**Instructions to follow**
The pictures are to be left out, and all remaining data is to be transcribed exactly as it appears.

**Given data**
[Start of section]

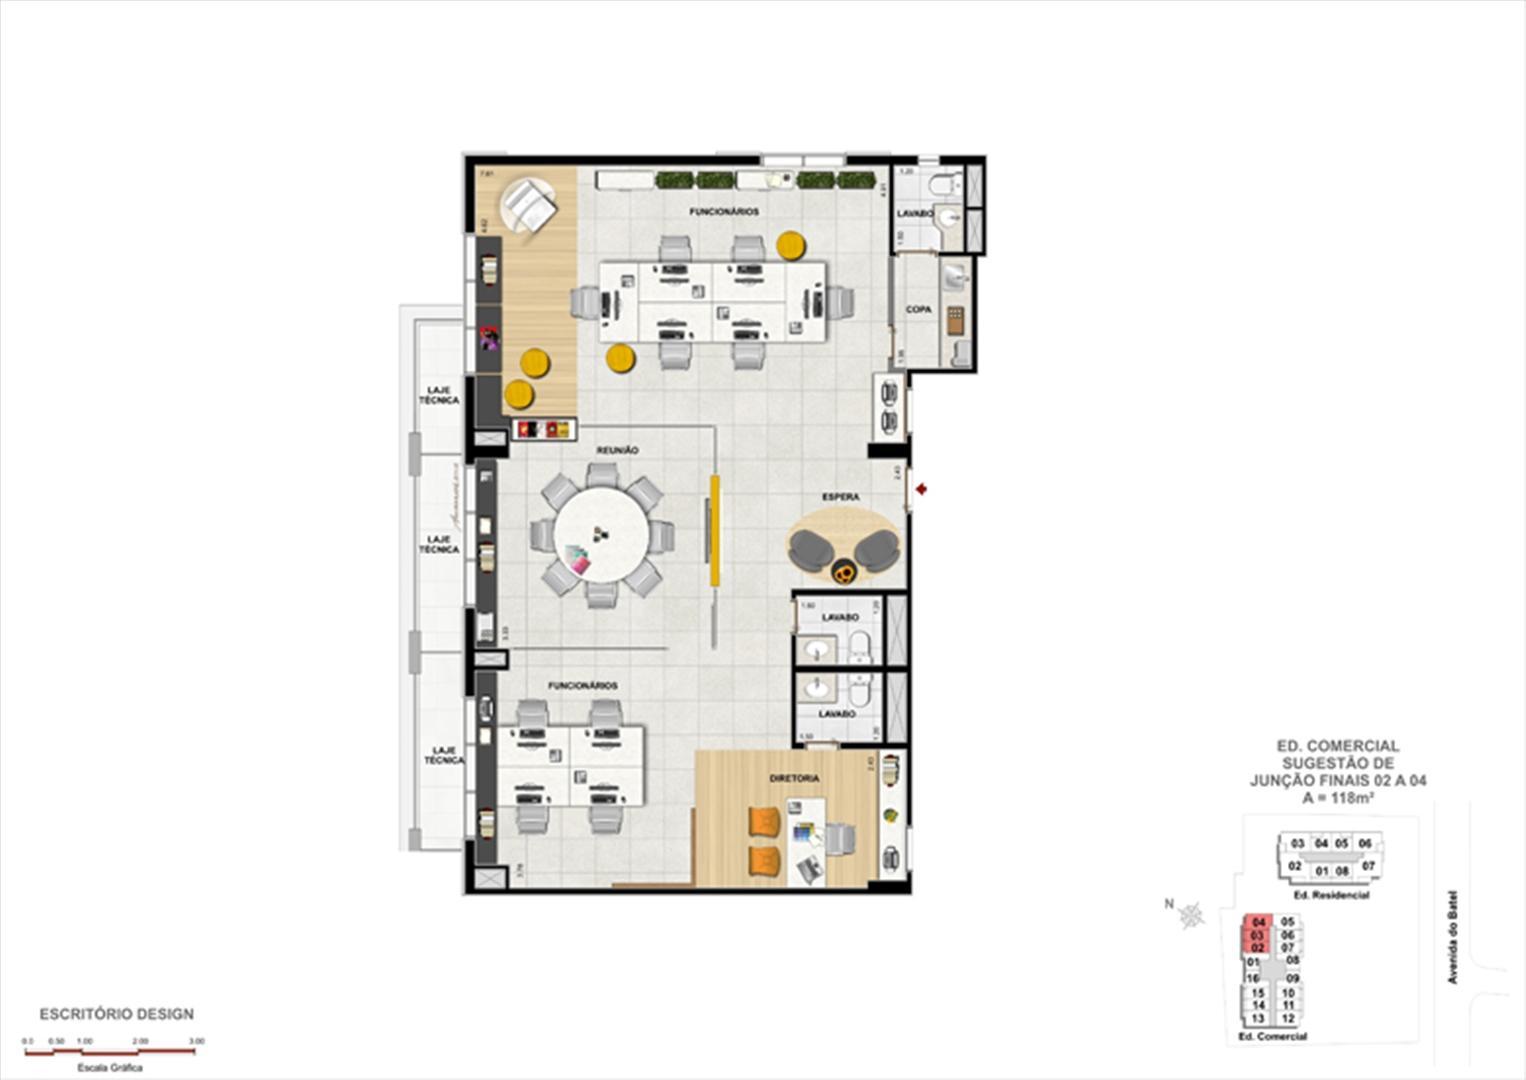 planta Modelo de Escritório de Design | 1550 Batel Comercial (Work Batel) – Salas Comerciais no  Batel - Curitiba - Paraná
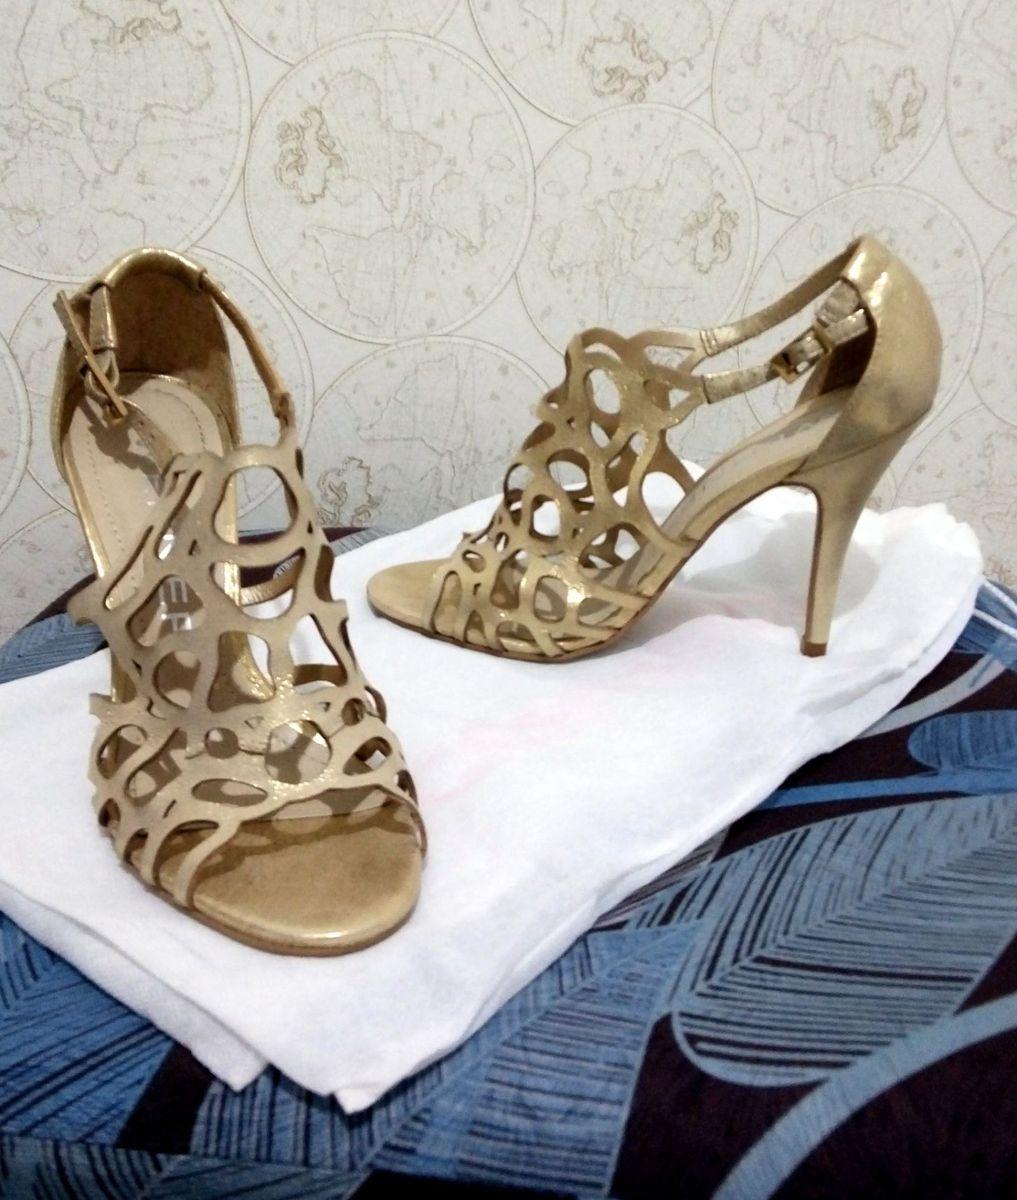 0c11e3edb sandália dourada festa - sandálias werner.  Czm6ly9wag90b3muzw5qb2vplmnvbs5ici9wcm9kdwn0cy84ndk4oti2lzcwmtq0mmvlmdy2mjyxmgixntazodcxnzbkowvlmdgxlmpwzw
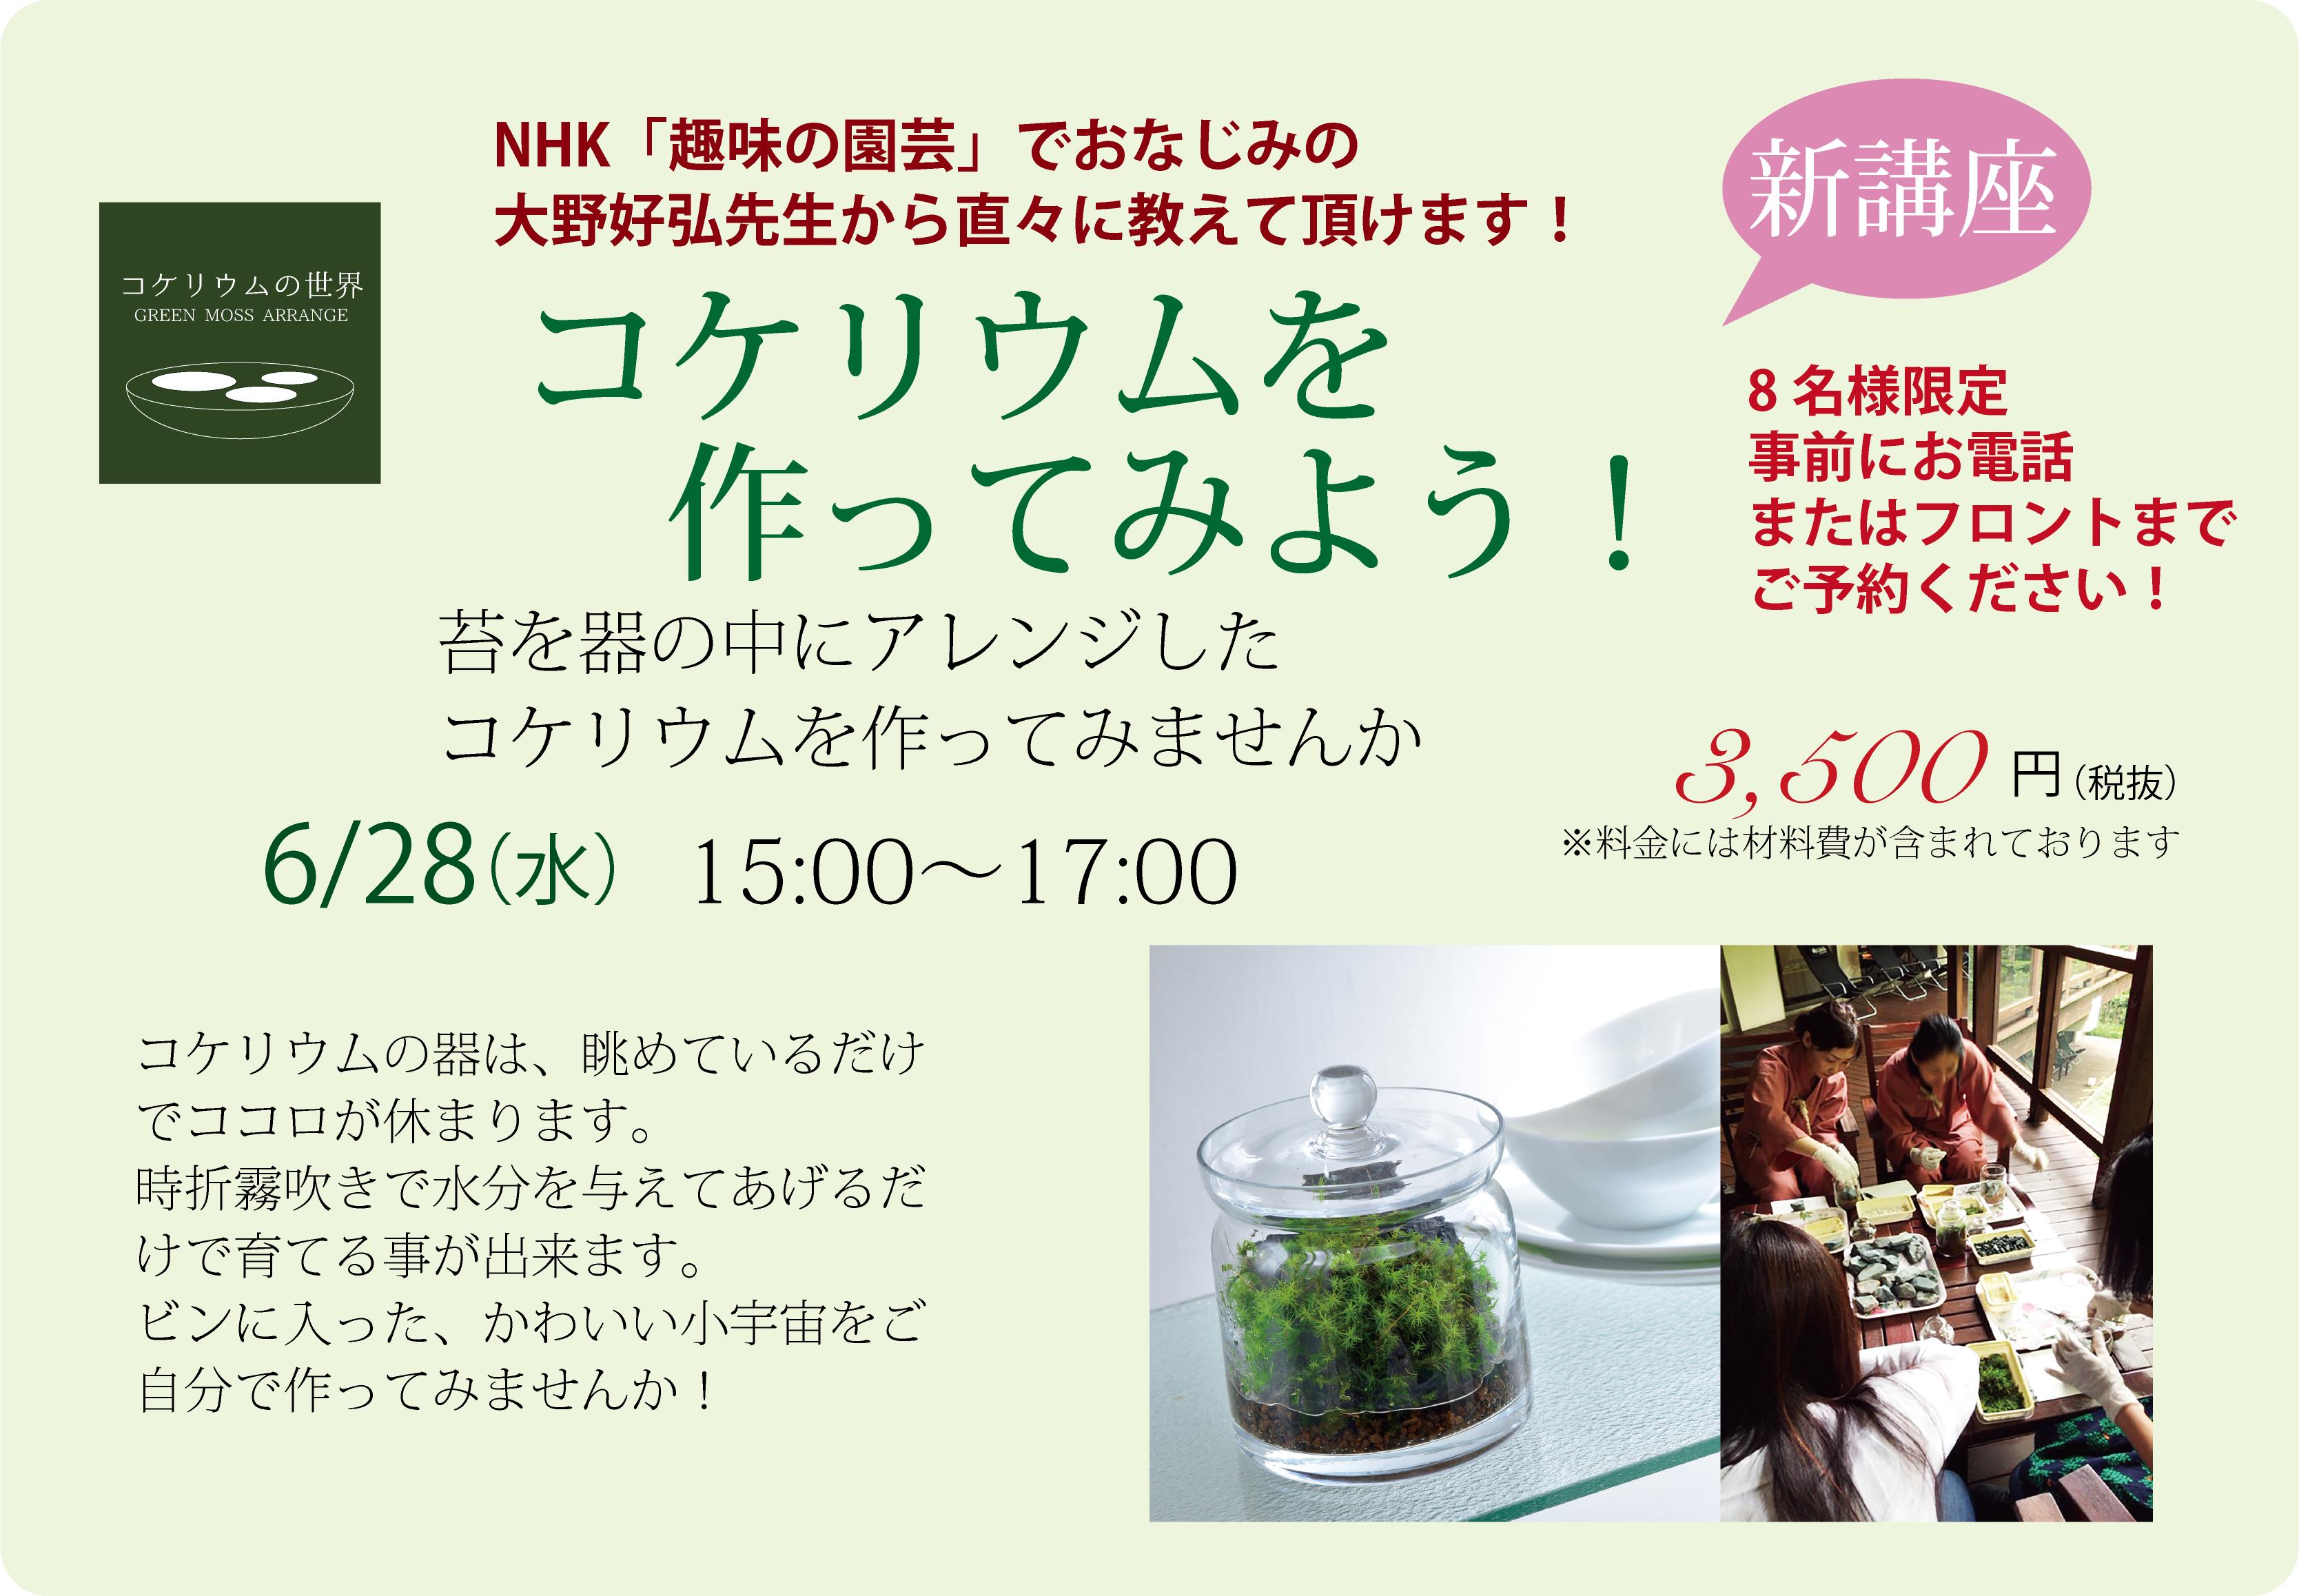 コケリウム講座6月28日(水)に開催!!

[End of section]

**Reply to the exercise**
 planta Modelo de Escritório de Design | 1550 Batel Comercial (Work Batel) – Salas Comerciais no  Batel - Curitiba - Paraná
 0c11e3edb sandália dourada festa - sandálias werner.  Czm6ly9wag90b3muzw5qb2vplmnvbs5ici9wcm9kdwn0cy84ndk4oti2lzcwmtq0mmvlmdy2mjyxmgixntazodcxnzbkowvlmdgxlmpwzw
 コケリウム講座6月28日(水)に開催!!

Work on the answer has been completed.